The Pussycat Dolls "When I Grow Up" is about doing what it takes to become famous. Being "nameless" is seen as bad...the goal is for people to know your name. This YouTube version has the lyrics written out so you can see what I mean.



Are these the values that American pop culture is pushing now? Being famous as the highest goal? I know that some people look up to celebrities, and, sure, having that much money might be fun, but, really? I can't believe that being famous or rich gives your life much meaning.

Contrast with Sara Groves "When the Saints." (Unfortunately I couldn't find a video with lyrics attached.) Where the highest goal is to be part of the company of people who live what they believe.

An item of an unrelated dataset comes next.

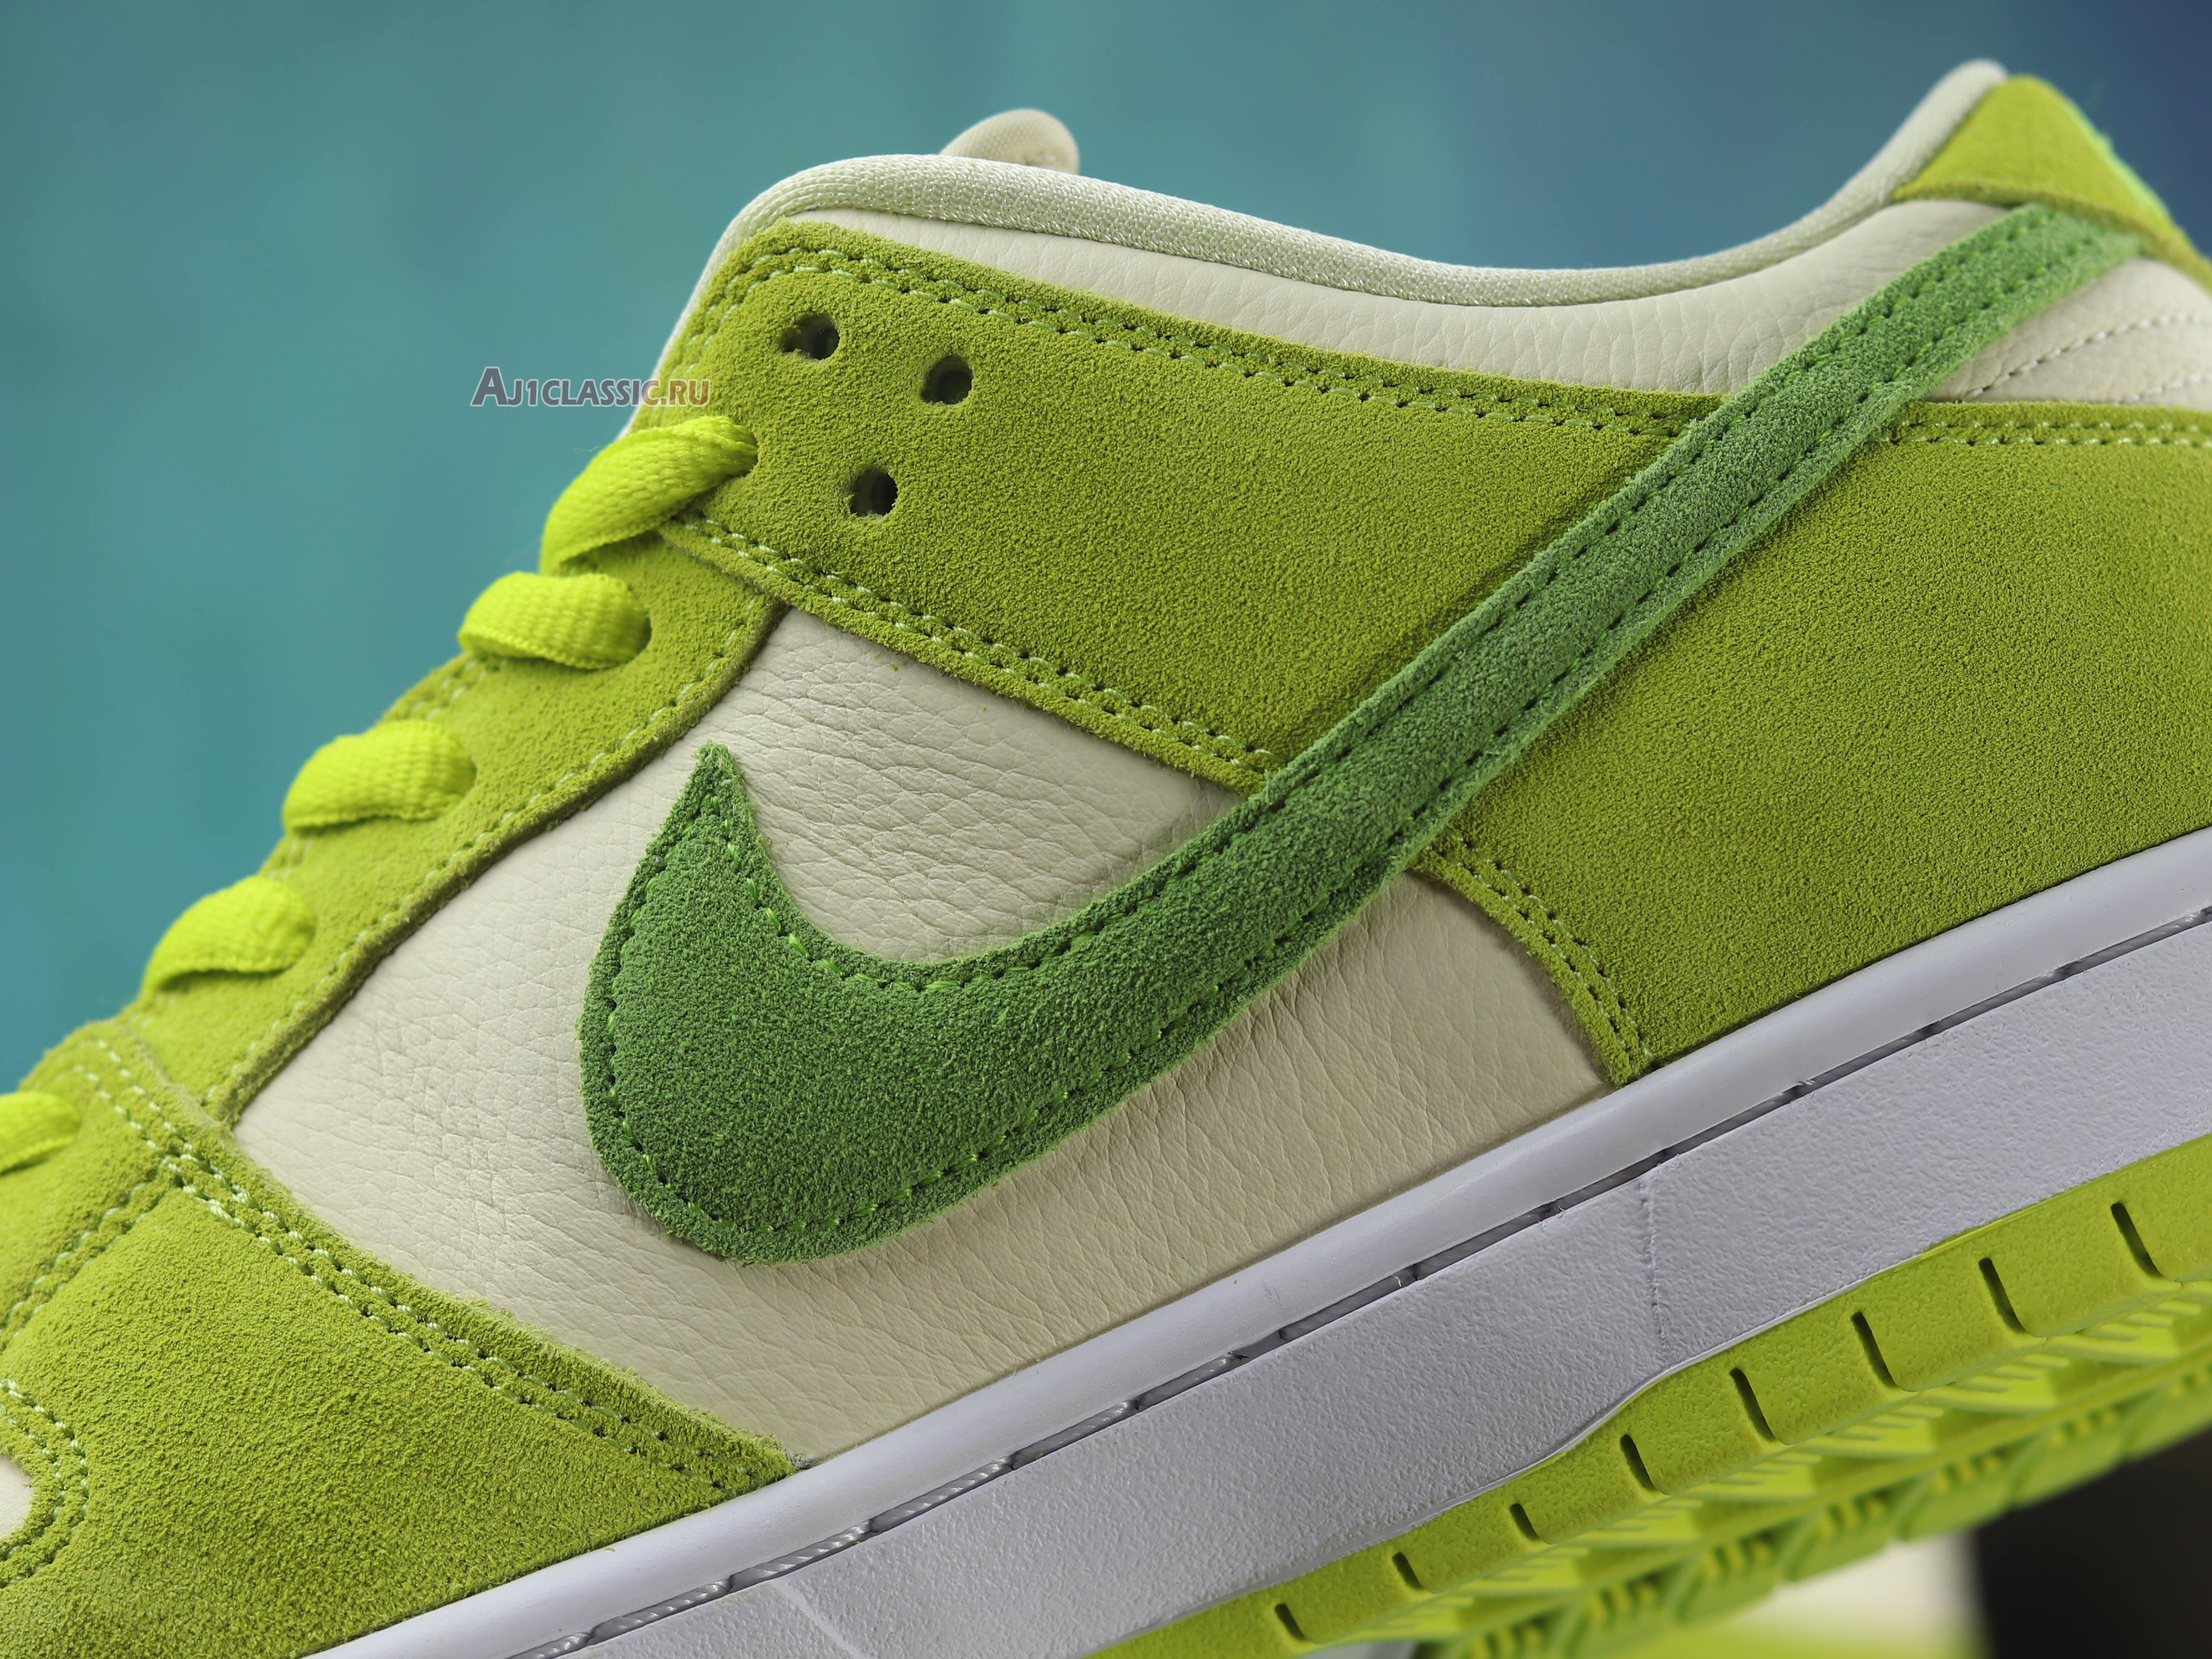 Nike SB Dunk Low "Green Apple" DM0807-300

Whether you're famous or not.



I think these two songs point up a key difference between (one type of) a so-called secular worldview and a Christian worldview. Which seems more attractive? More meaningful? More realistic? Do you think the Pussycat Dolls song is typical of the values of our current pop culture?

13 October 2008

Becoming Solid

After Katrina was born, I did not call her by name for months. "Baby Girl," I would say, with all of the love and wonder and paranoia in me. At first, it seemed bad luck to call this little stranger by name quite yet. She was small and fragile and I was drained of blood and of sleep and of my old solitary self. She was always there, all the time, unlike anyone else I could remember. I had been freelancing for five years by that time, used to long stretches of time alone in the house. I was never alone now.

Baby Katrina

My first came into the world with a vengeance, with a loud voice and seemingly constant need. She took over, as first babies are wont to do. She was fire and passion and noise. She made me a mother, which for me--and I suspect, for most women--was a profound shift in my heart, my soul, my thinking. Everything was different. And despite my initial anxiety, Katrina made her impact within weeks. I was taken up with her, and everything else fell away. I could not imagine anything other than mothering her.

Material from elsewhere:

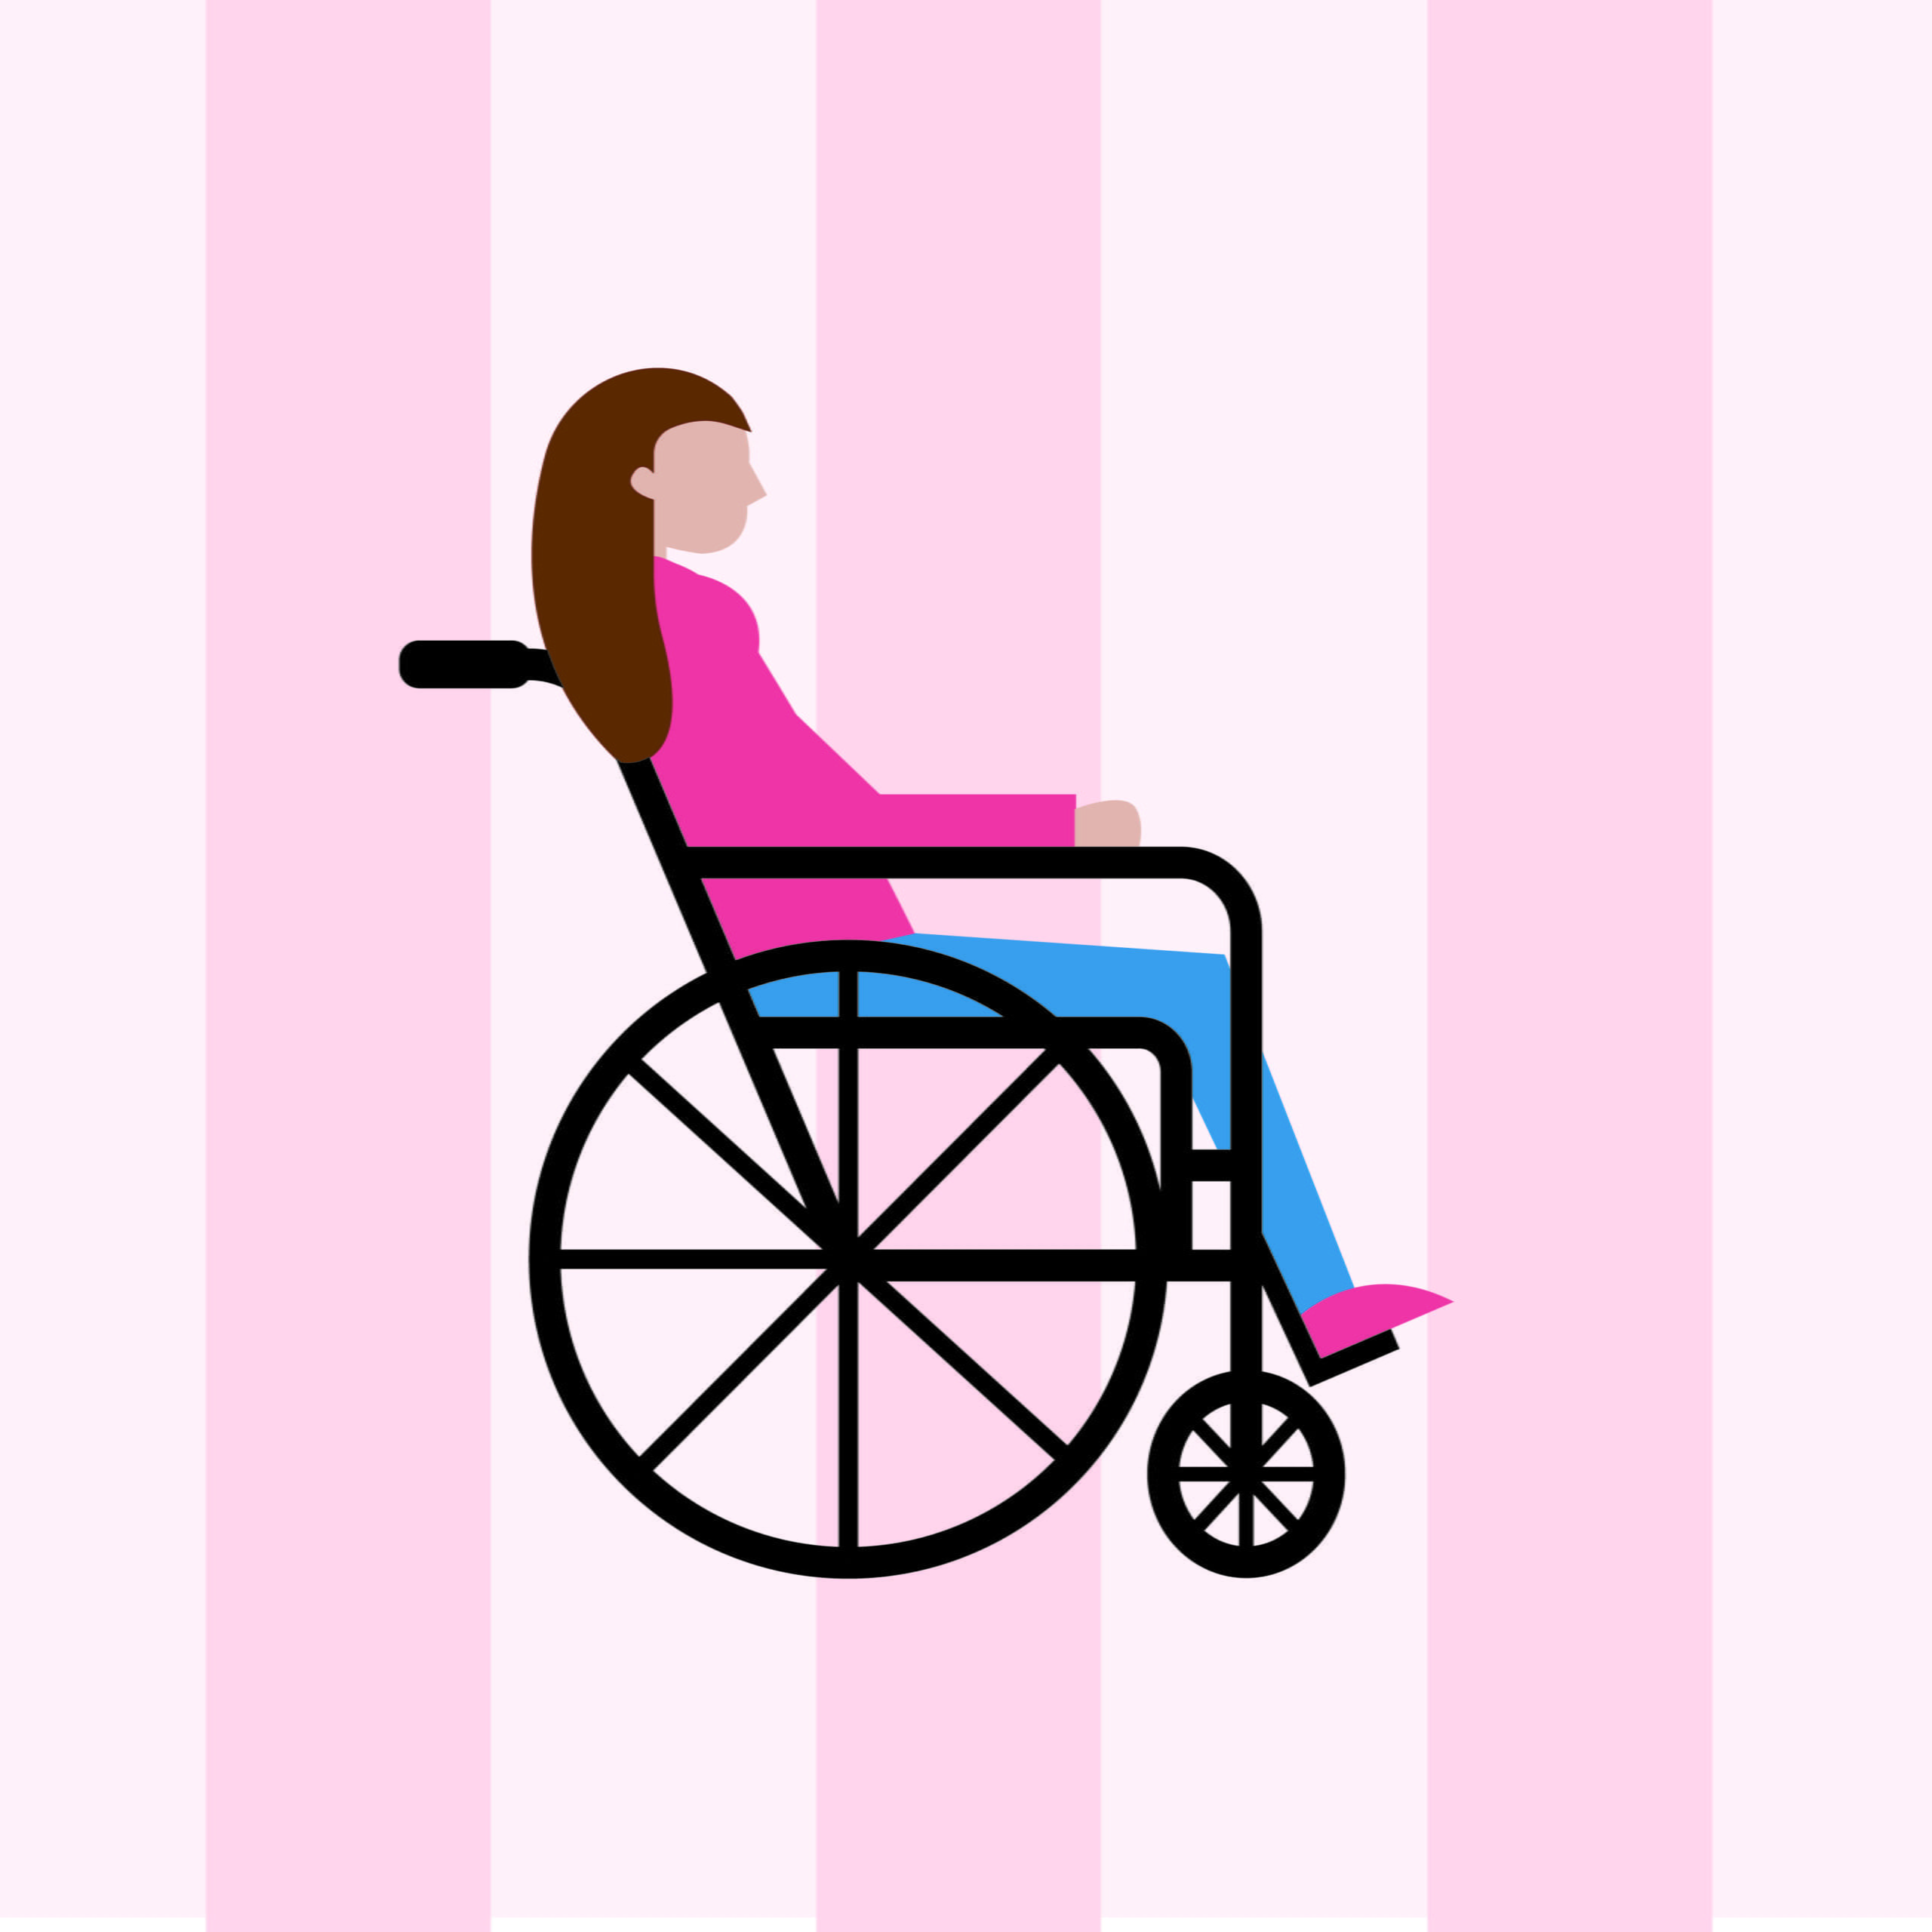 HEALTH (cerebral palsy) article illustration by Rita azar for 360 magazine

Annika was Annika from the beginning. The name sounded strange in my mouth, but I said it often, to make her real for Katrina. But she was even more fragile, delicate, translucent skin stretched over bony limbs. I looked at her through clear plastic, judged her health by the sounds of the beeps. Went home and put on a good face for Katrina. Others would say, "oh, it must be so hard not to have her home." And it was, but not as much as they thought. Subconsciously, I kept some distance, I think, just to survive. When I was home, Annika was like a dream. I tried not to think about her (often unsuccessfully), lest fear overtake me. When I visited her, she was real, but not quite solid. She was light in my arms, always pale, usually quiet. Ethereal. And after almost losing her, I found it even harder to trust that she would come home.

So when she finally did come home, it all still seemed quite unreal. Newness usually does, to me. Some quirk of mine. I was juggling baby care with older sister care. Katrina remained fiery and loud, a giant next to her baby sister. She took up so much space.

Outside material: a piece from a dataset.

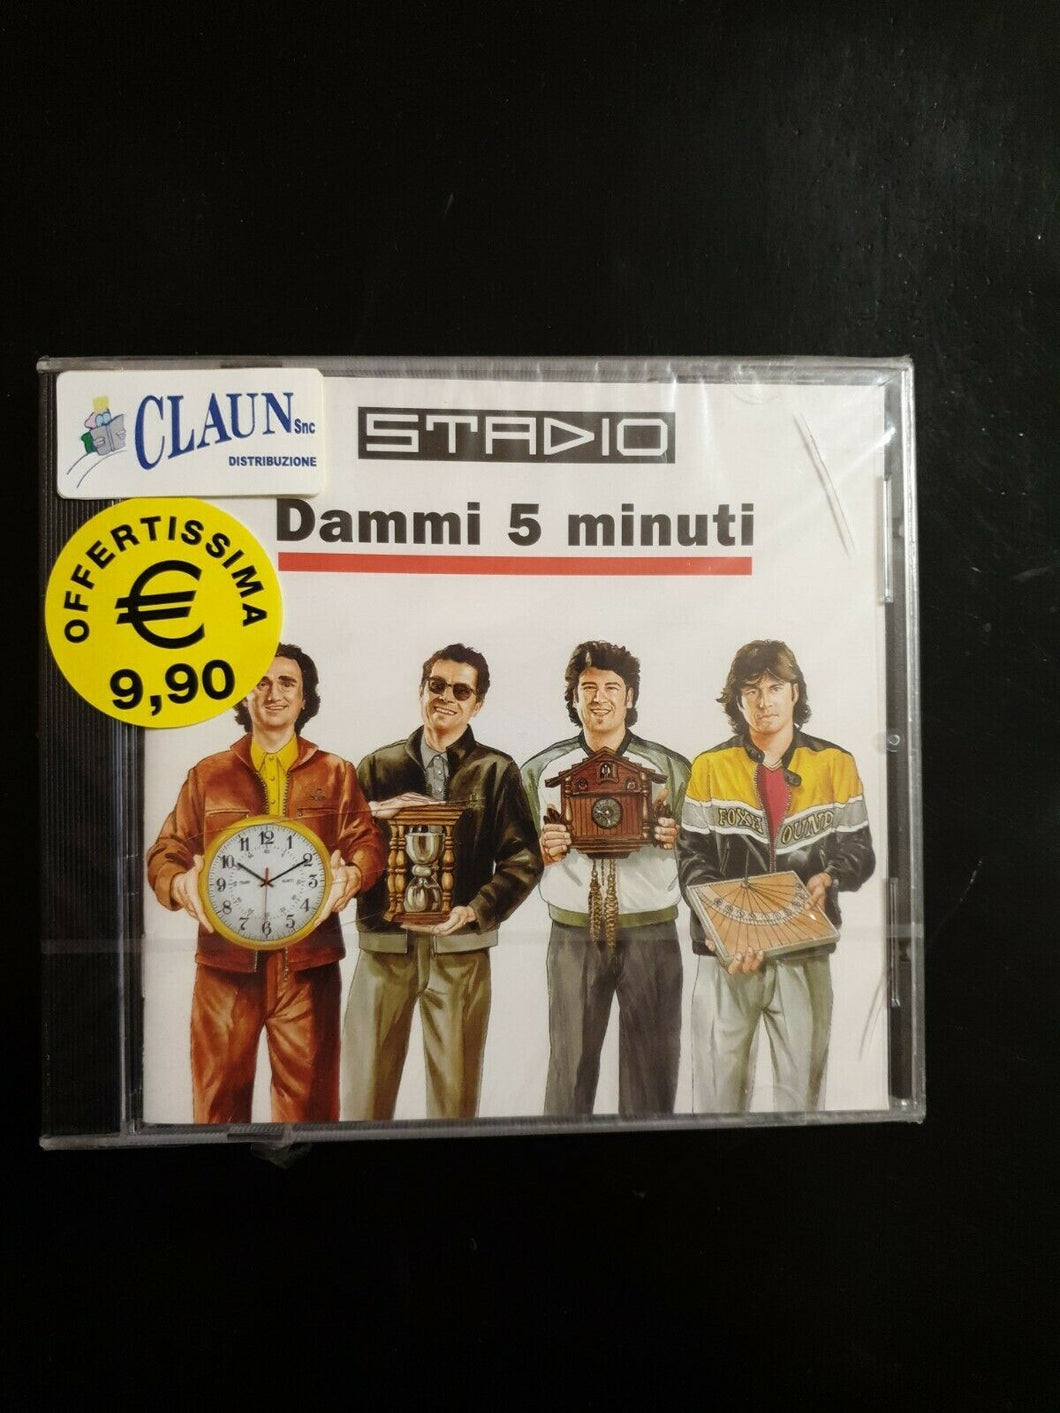 STADIO - DAMMI 5 MINUTI CD Nuovo

Annika still seemed ethereal, waking only to be fed, making her thoughts known fiercely, but briefly. I held her close, or others did, trying to make up for those weeks in the warm, hard incubator. But the distance remained. In the back of my mind, I worried. Despite her hard entry into the world, she did not make the splash in my heart that Katrina had. Perhaps because I was already a mother. That shift had already occurred. Perhaps the weeks of suppressing worry, fear, and maybe? love as we drove back and forth to the hospital had taken their toll. I loved her, of course I did. But the all-encompassing surge I remembered with my first baby, well, that did not happen. A futile attempt at self-protection.

Slowly, though, Annika grew and changed. She gained weight. She now has chubby cheeks and fat legs and little creases around her wrists. Her weight in my arms, or lying on my chest, is noticeable. And one evening, last week, I held her to me, the unmistakable weight of warm baby on my chest, and everything changed. She no longer seems breakable, a translucent fairy child in a world of giants. Finally becoming solid, deepening her imprint on my heart.

Self-protection and motherhood just don't mix.